--- Data Enclosed Below ---

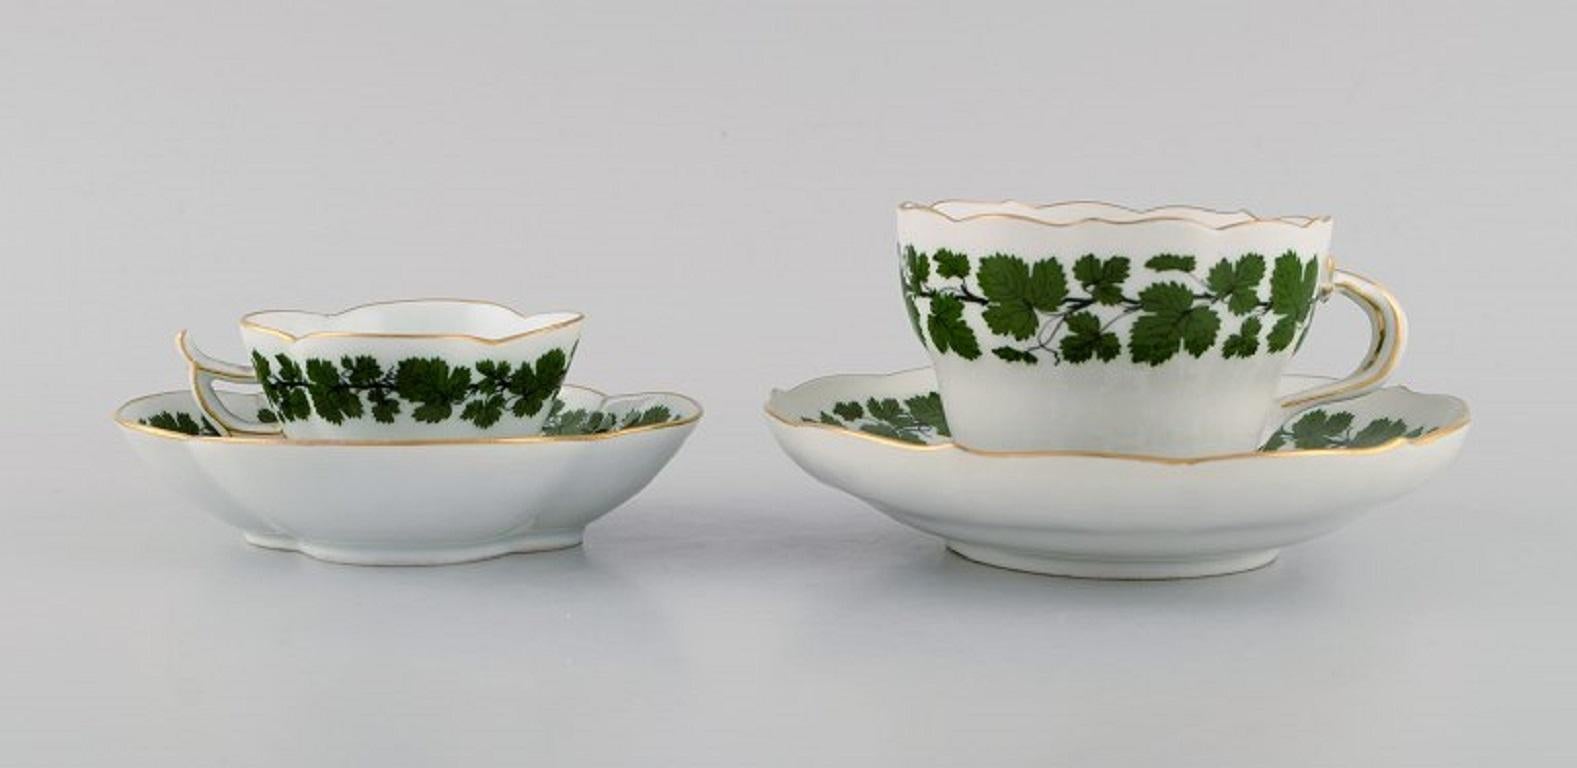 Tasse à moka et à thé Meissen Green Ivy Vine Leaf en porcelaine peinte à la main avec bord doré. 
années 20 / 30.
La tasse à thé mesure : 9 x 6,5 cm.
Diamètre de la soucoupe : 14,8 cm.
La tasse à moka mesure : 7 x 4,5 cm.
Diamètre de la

--- End of Enclosed Data ---

#### [What is expected]
Copy every line from the records above that contains the word "Diamètre".

#### [Response to the exercise]
Diamètre de la soucoupe : 14,8 cm.
Diamètre de la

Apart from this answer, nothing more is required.